TASK TO CARRY OUT
Take the line containing "Camisola Millonarios 2023-2024" and each line after it through the end of the data below, and return them exactly, minus any pictures.

RECORDED DATA
__________________________________________________

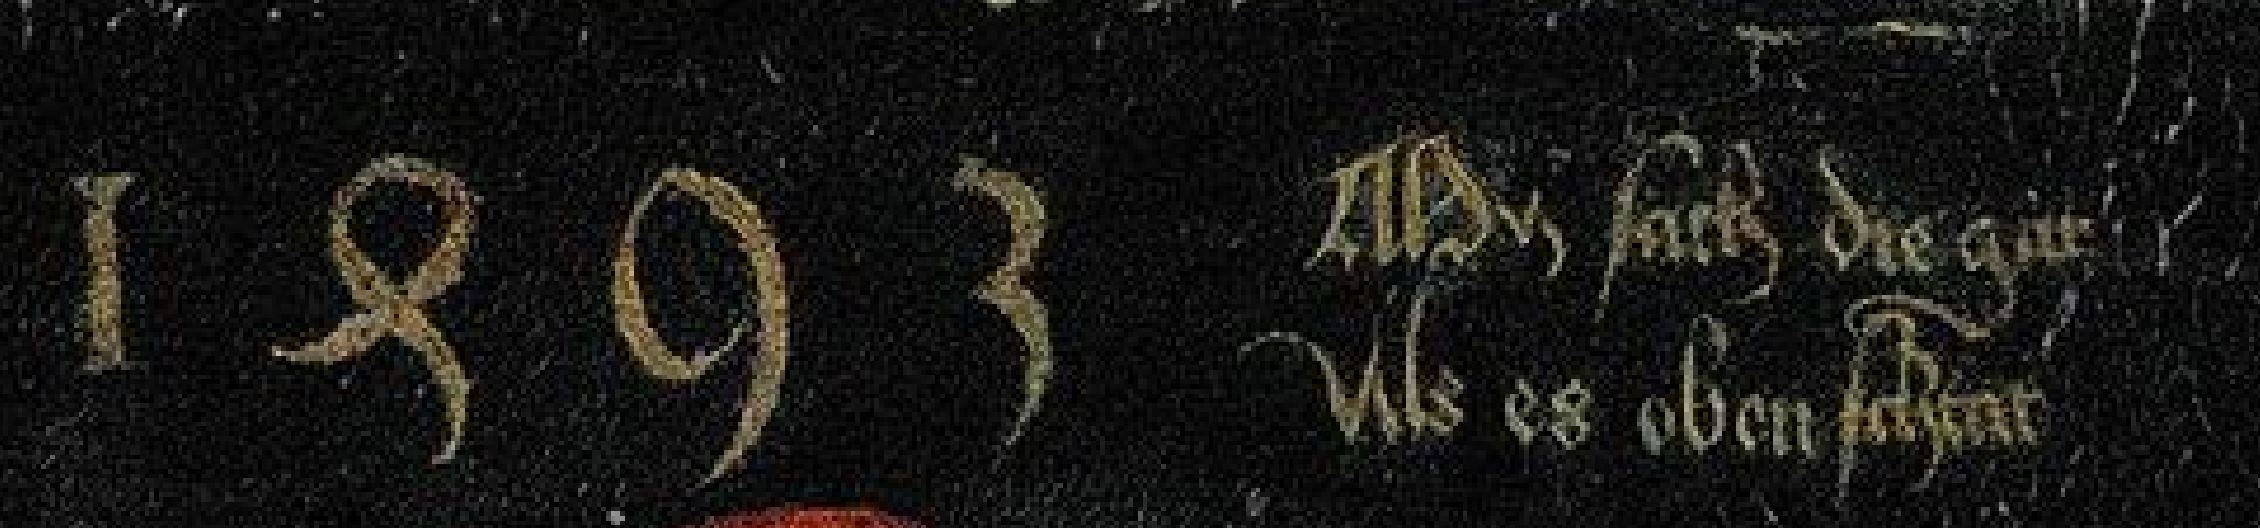 Durer autoportait 1493 Louvre detail motto
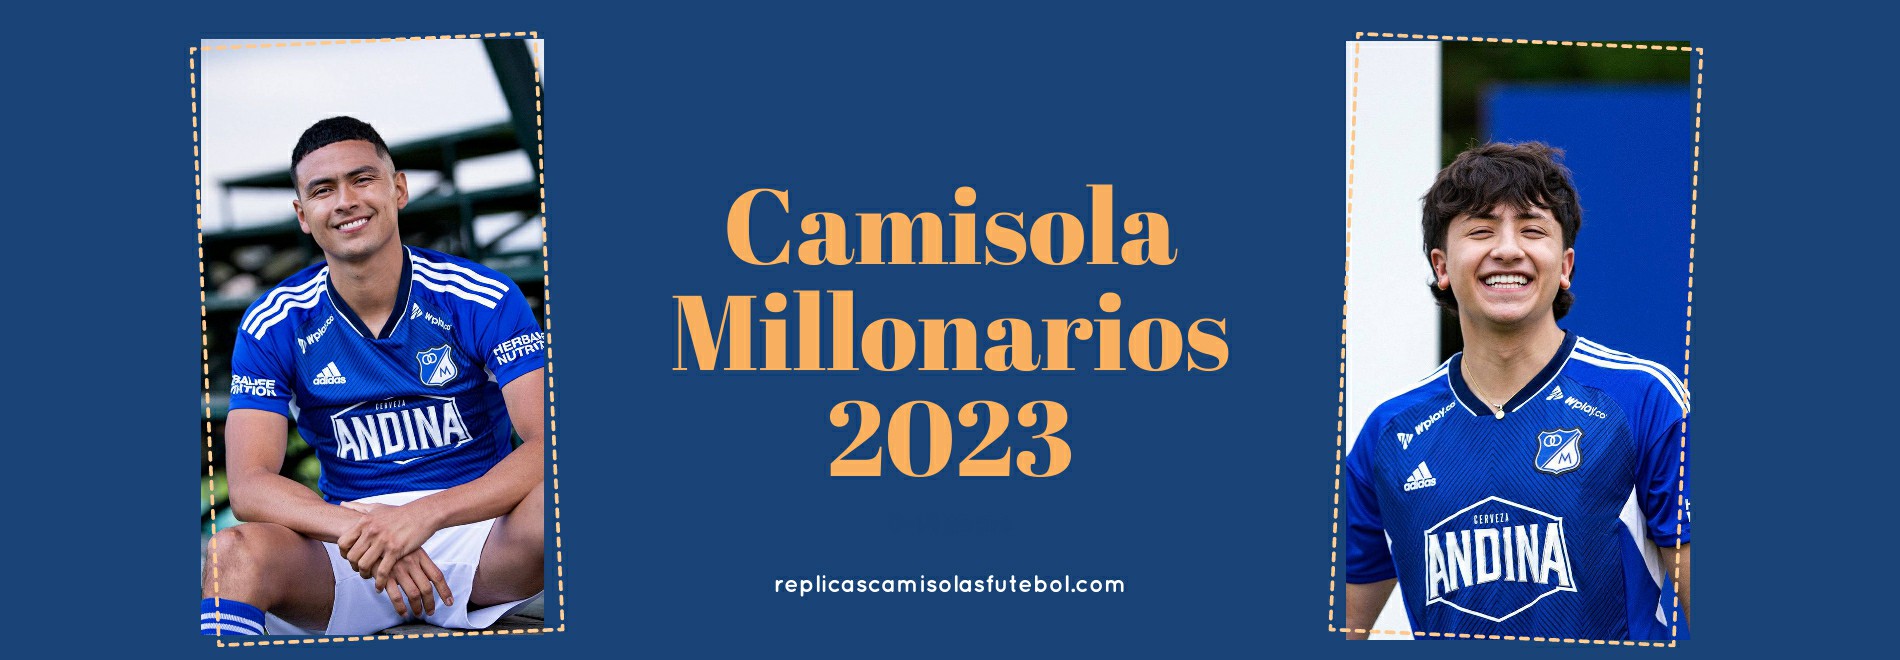 Camisola Millonarios 2023-2024
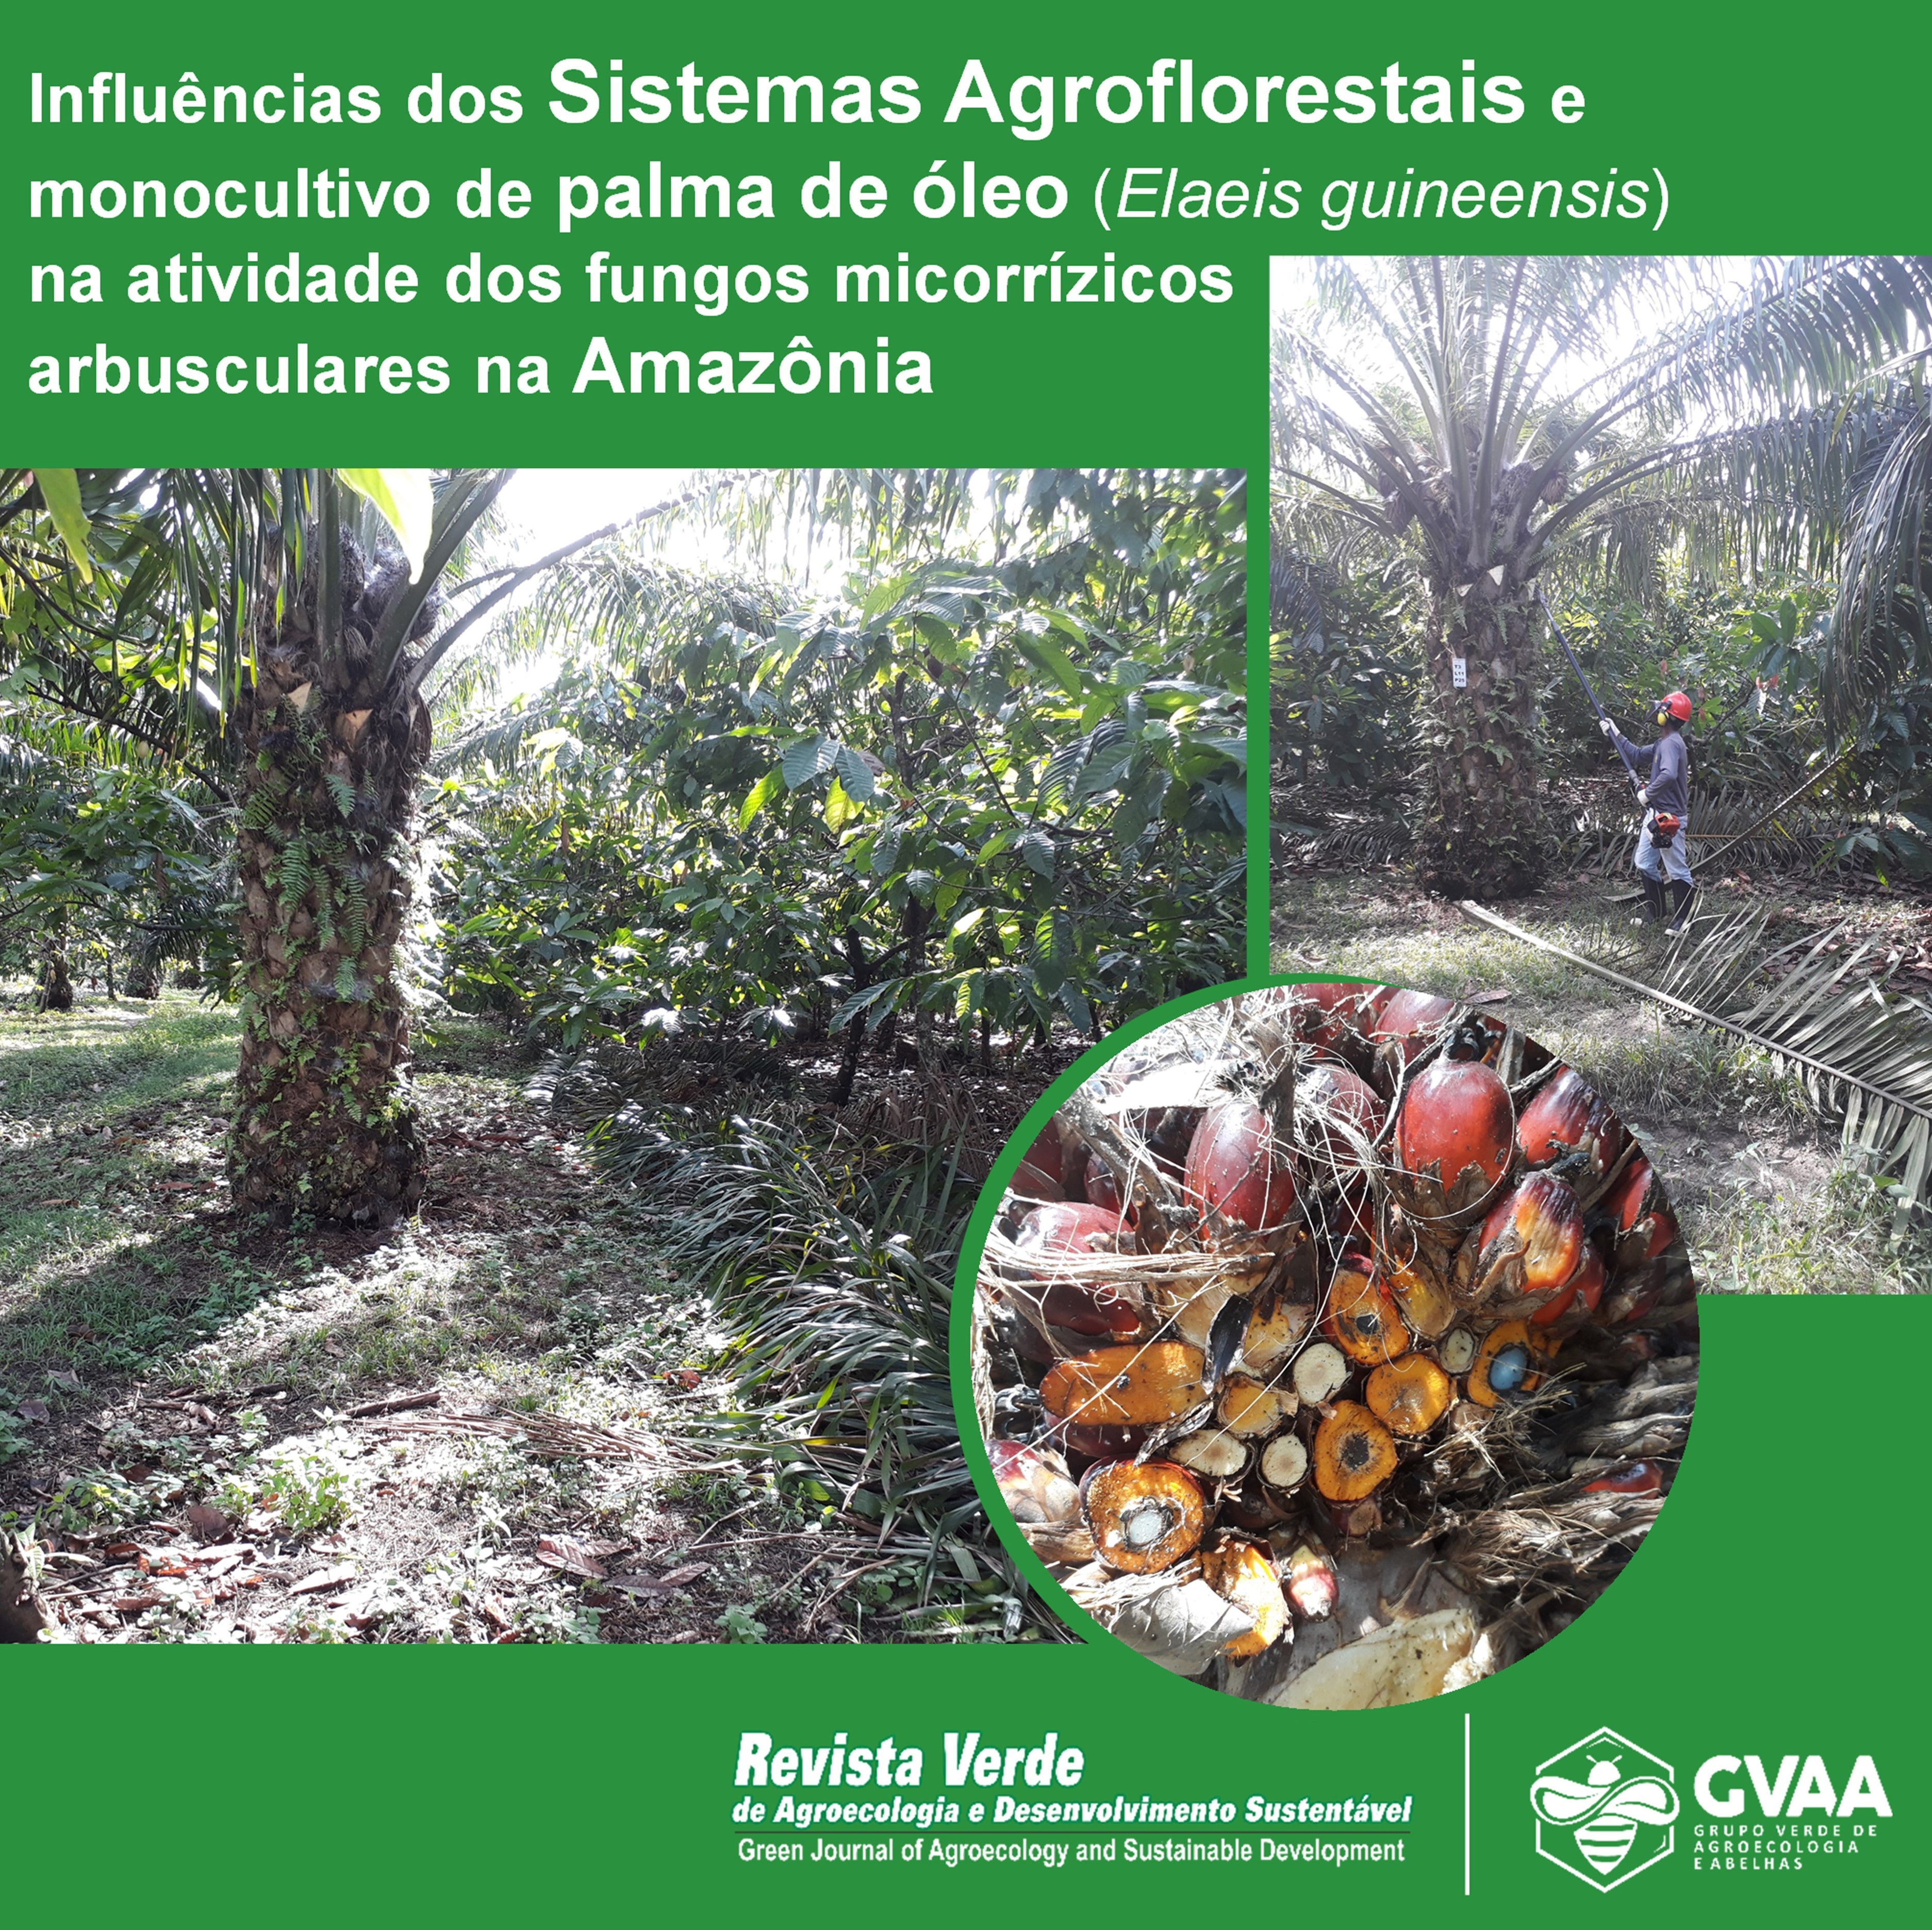 Influências dos Sistemas Agroflorestais e monocultivo de palma de óleo (Elaeis guineensis) na atividade dos fungos micorrízicos arbusculares na Amazônia

__________________________________________________

RESPONSE TO THE EXERCISE
 Camisola Millonarios 2023-2024
 Influências dos Sistemas Agroflorestais e monocultivo de palma de óleo (Elaeis guineensis) na atividade dos fungos micorrízicos arbusculares na Amazônia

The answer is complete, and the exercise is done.